So it appears the East, is unifying around Russia, China, Iran, India, etc. and the West is dividing along Globalist / Libertarian lines.
Therefore, in 2022 we are Truly living in the Wild, Wild West.
First Cowboy up Peter Thiel:
So it appears the East, is unifying around Russia, China, Iran, India, etc. and the West is dividing along Globalist / Libertarian lines.
Therefore, in 2022 we are Truly living in the Wild, Wild West.
First Cowboy up Peter Thiel:
If you don’t want to go through the entire ZeroHedge article to get to the full Peter Thiel keynote, here is the complete speech.
“The sociopathic grandpa from Omaha.”
Love it.
And here I thought that massive money-printing by governments meant that we are at the end of the fiat-money regime.
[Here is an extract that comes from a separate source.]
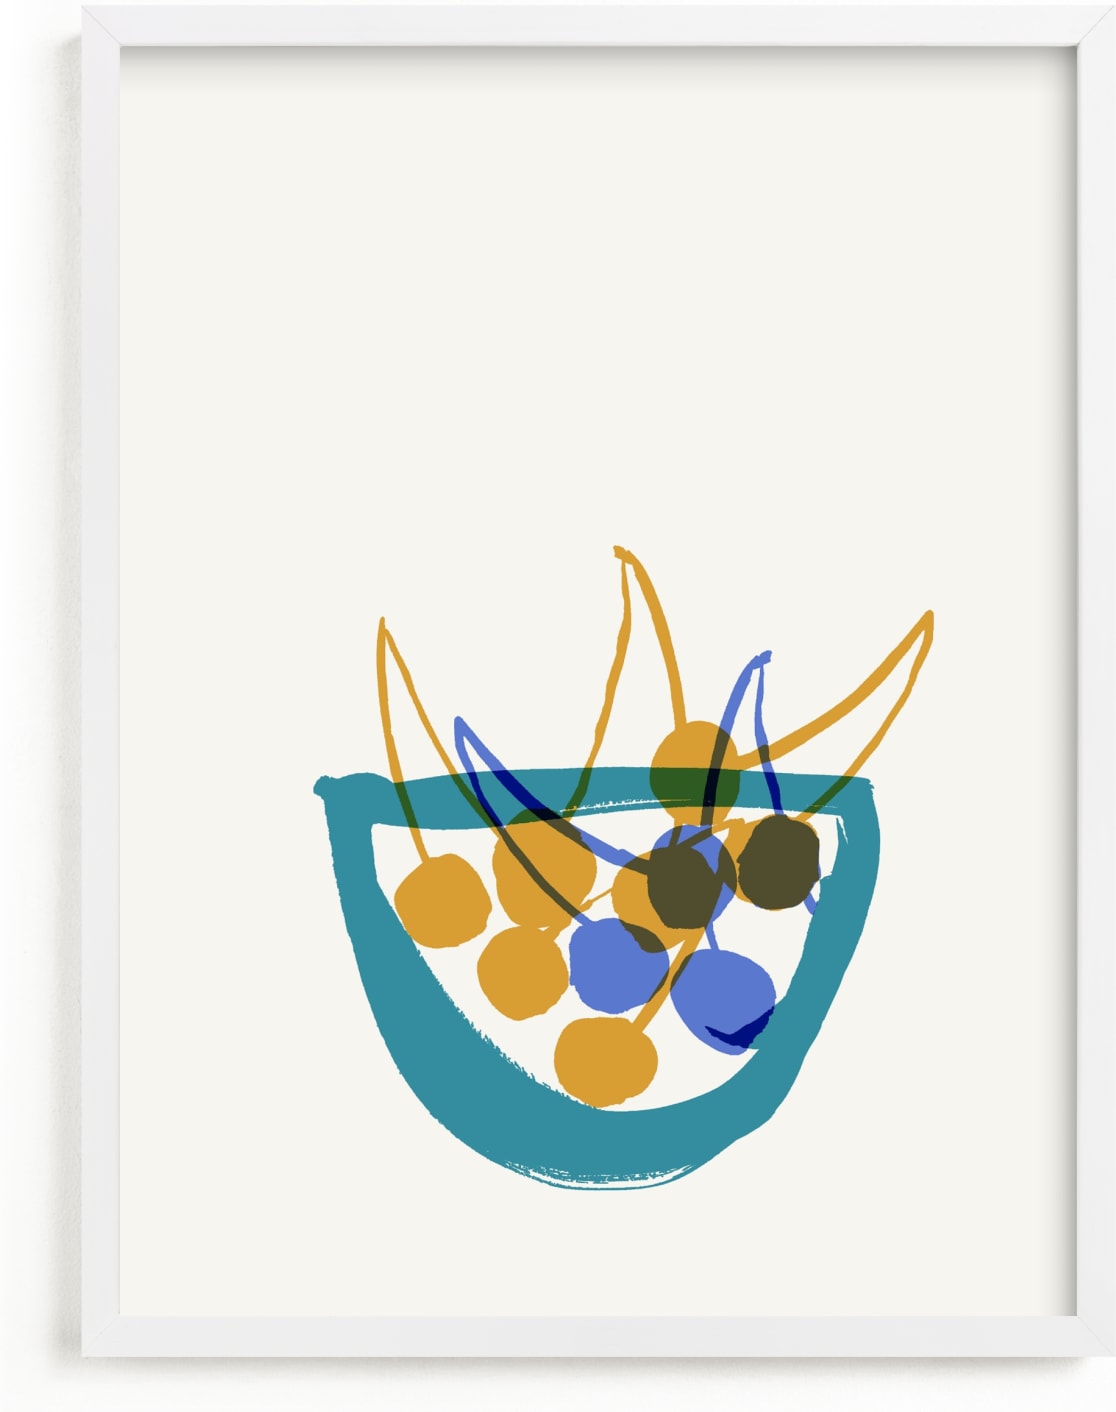 This is a blue art by Sonya Percival called Life is a bowl of cherries.

We have to use some-thing as an exchange for goods – why not bitcoin ???
As I interpret what Peter Thiel said, which is consistent with my own view, Bitcoin is not, and need not be, a medium of exchange, any more than gold was a primary medium of exchange in the era of the gold standard. Instead, it serves as a reserve asset with inherent scarcity, independently auditable by anybody who wishes to examine the blockchain, that backs the high-velocity medium of exchange. The latter may be a Bitcoin payment protocol layer such as the Lightning Network, another digital currency that is optimised for low transaction fees, rapid clearance, and support for smart contracts like Ethereum, or something which has yet to emerge—that is a piece of the puzzle which is not yet in place. But the payment layer, to be credible, will be backed 100% by Bitcoin reserve assets, and in a free market with the kind of competition among currencies envisioned by Milton Friedman, the sound money will win over funny money because people don’t like having their pockets picked.
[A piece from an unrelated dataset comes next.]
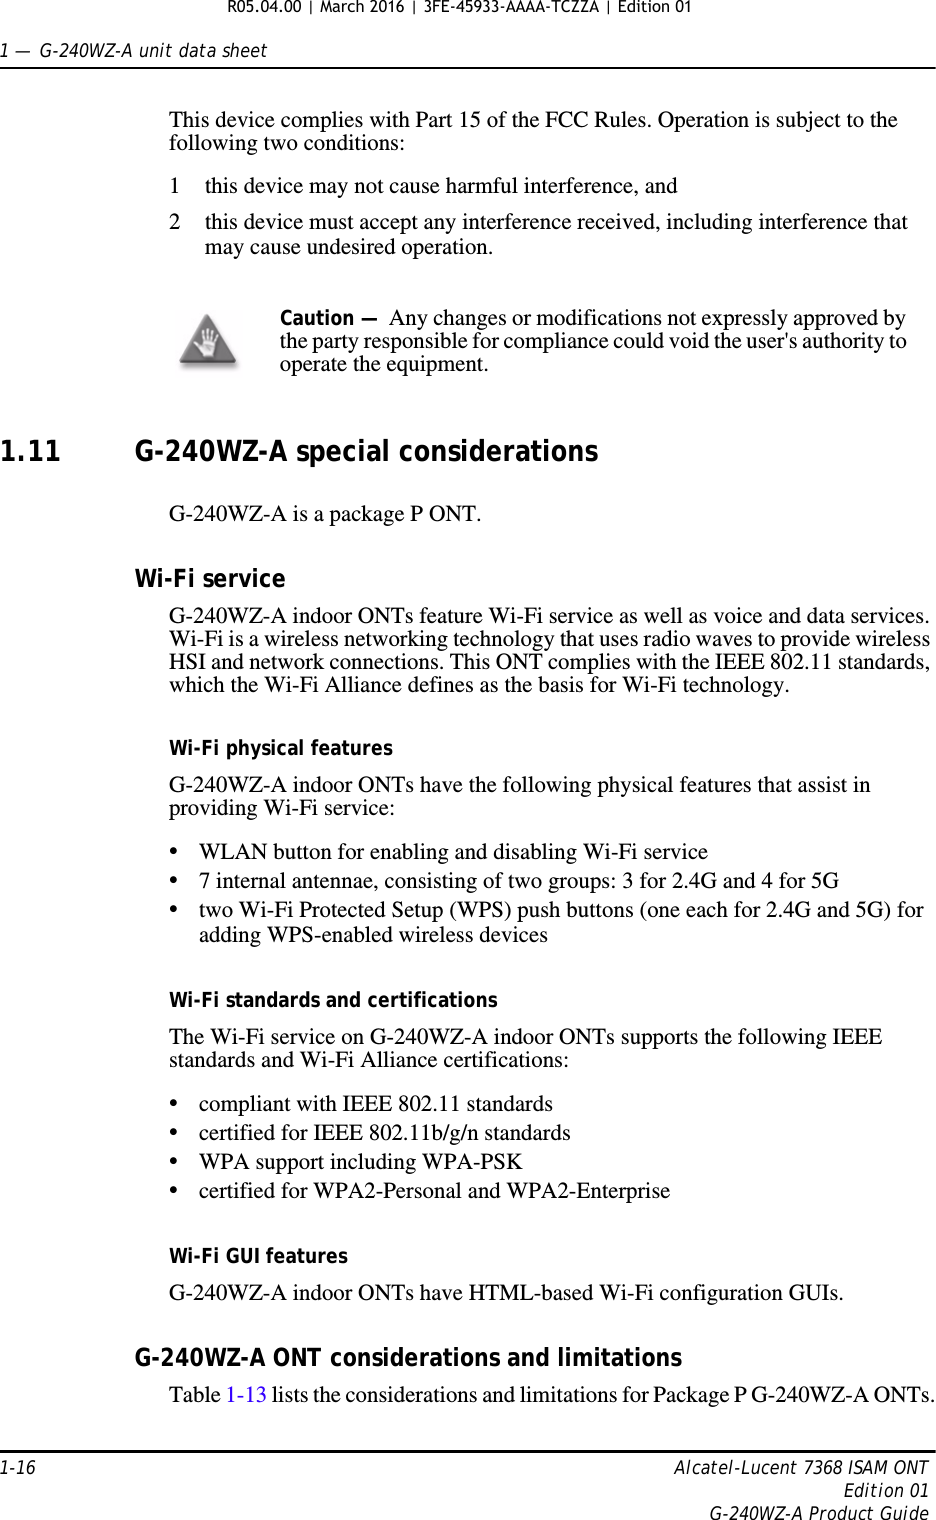 1 —  G-240WZ-A unit data sheet1-16 Alcatel-Lucent 7368 ISAM ONTEdition 01G-240WZ-A Product GuideThis device complies with Part 15 of the FCC Rules. Operation is subject to the following two conditions: 1 this device may not cause harmful interference, and 2 this device must accept any interference received, including interference that may cause undesired operation. 1.11 G-240WZ-A special considerationsG-240WZ-A is a package P ONT.Wi-Fi serviceG-240WZ-A indoor ONTs feature Wi-Fi service as well as voice and data services. Wi-Fi is a wireless networking technology that uses radio waves to provide wireless HSI and network connections. This ONT complies with the IEEE 802.11 standards, which the Wi-Fi Alliance defines as the basis for Wi-Fi technology. Wi-Fi physical featuresG-240WZ-A indoor ONTs have the following physical features that assist in providing Wi-Fi service: •WLAN button for enabling and disabling Wi-Fi service •7 internal antennae, consisting of two groups: 3 for 2.4G and 4 for 5G•two Wi-Fi Protected Setup (WPS) push buttons (one each for 2.4G and 5G) for adding WPS-enabled wireless devicesWi-Fi standards and certificationsThe Wi-Fi service on G-240WZ-A indoor ONTs supports the following IEEE standards and Wi-Fi Alliance certifications:•compliant with IEEE 802.11 standards•certified for IEEE 802.11b/g/n standards •WPA support including WPA-PSK•certified for WPA2-Personal and WPA2-EnterpriseWi-Fi GUI featuresG-240WZ-A indoor ONTs have HTML-based Wi-Fi configuration GUIs. G-240WZ-A ONT considerations and limitationsTable 1-13 lists the considerations and limitations for Package P G-240WZ-A ONTs.Caution —  Any changes or modifications not expressly approved by the party responsible for compliance could void the user&apos;s authority to operate the equipment. R05.04.00 | March 2016 | 3FE-45933-AAAA-TCZZA | Edition 01

It’s no coincidence that the emergence of un-backed, government fiat currencies has always been accompanied by legal tender laws which force people to use them instead of the currency of their choice. Government funny money and legal tender laws are now in the position of video rental stores shortly after streaming services began to creep up into the middle single digit percentage of market share: it was all over, but they didn’t yet know it and had no plan or ability to respond.
Once a new technology rolls over you, if you’re not part of the steamroller, you’re part of the road.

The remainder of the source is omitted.